I try my best to use Spanish as much as I can. El señor teaches me. I now call him el profesor. He corrects me on my subjunctive tense. I help translate for the social workers that come in to discuss his transfer to another hospital. He is sad. Triste. He wants to go home. Yo comprendo.
Observation #13: His leg is much more swollen today. He is in pain. He has been saying he is in no pain when I ask. Then I remember the word for “scale” in Spanish. I ask him again, translating as best as I can, on a scale of zero to ten, with ten being the worst pain in el mundo as I gesture with my hands, how much pain do you have? He smiles. His pain is a five. He needs medication.
Observation #14: This afternoon, the hallway smells of hotdogs.
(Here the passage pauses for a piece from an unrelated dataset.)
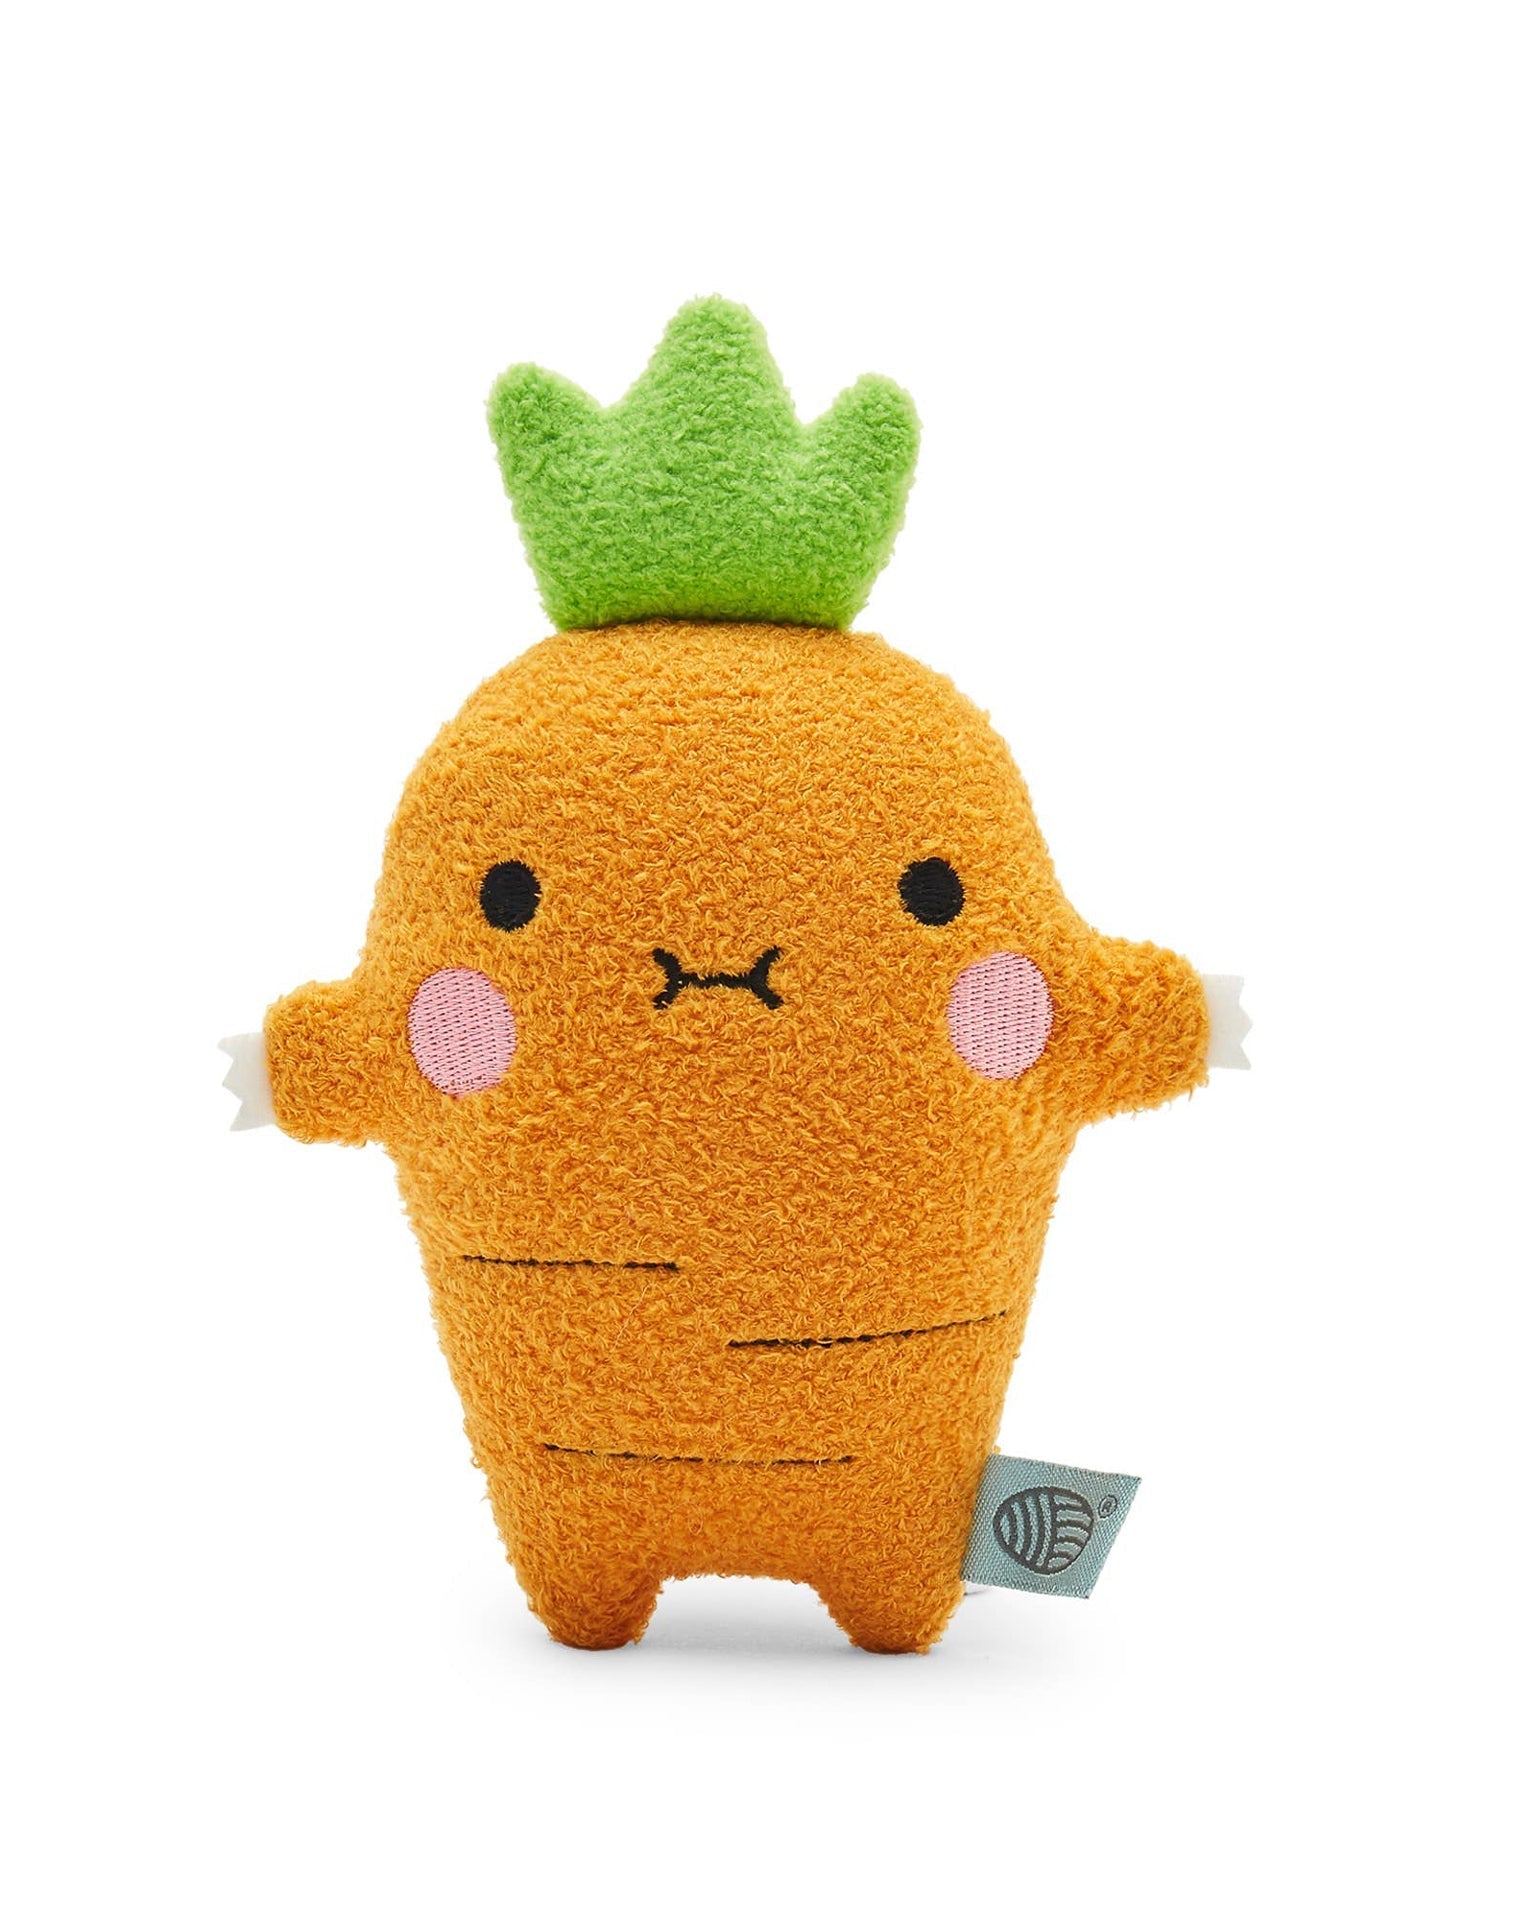 Little noodoll play ricecrunch mini - carrot
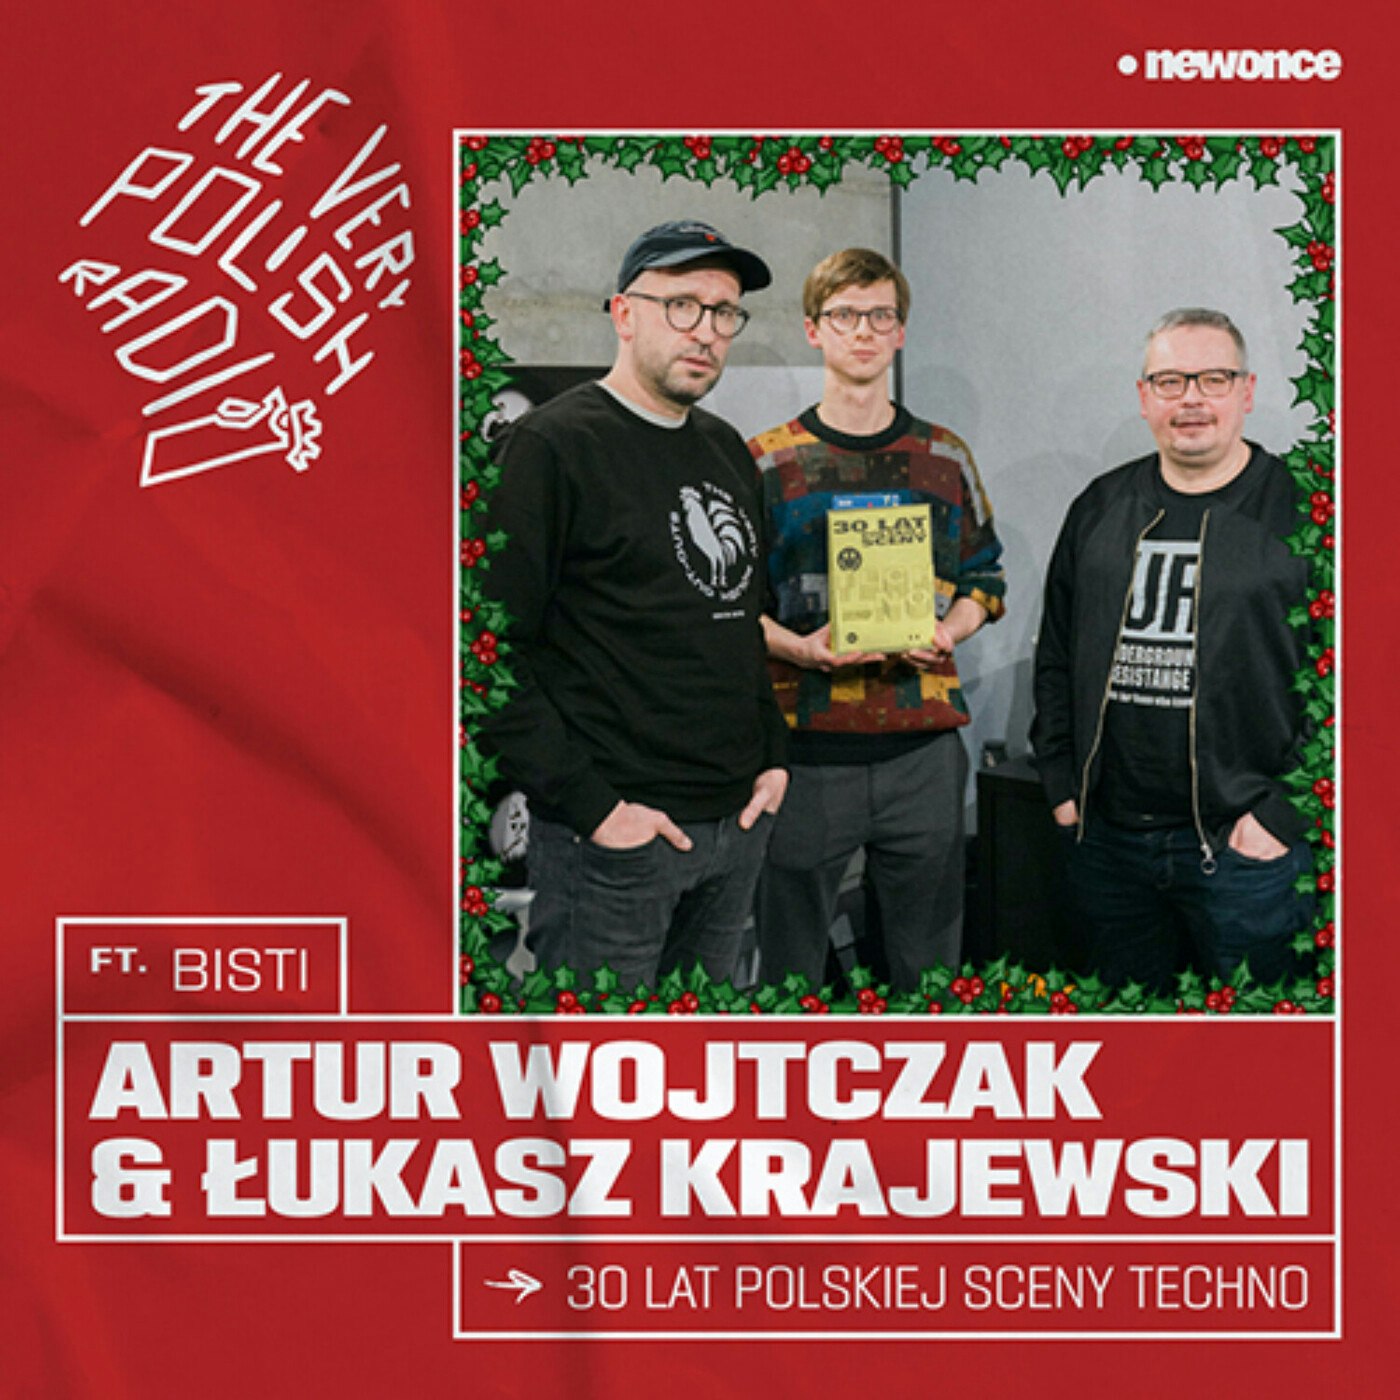 The Very Polish Radio

Or barbeque. Barbeque hotdogs for lunch? We can’t decide. Damn, I am hungry. I want a hot dog.
Observation #15: The day ends too quickly. I still have so much to learn. About my patient. About disease. I explain to el profesor that my shift was done. I thank him for his patience, for his kindness, for his teaching. We shake hands. He thanks me and says that he hoped the nurses in the new hospital are as nice as me. I am lucky. I know all patients are not like el profesor. Muchas gracias, Señor. Thank you for going easy on me.
I wish I could stick el professor in my oversized scrubs pocket and take him home with me where he could get better, instead of being in a hospital, alone. But, we can’t take them home with us. T tells us that, smiling, on our way out the door.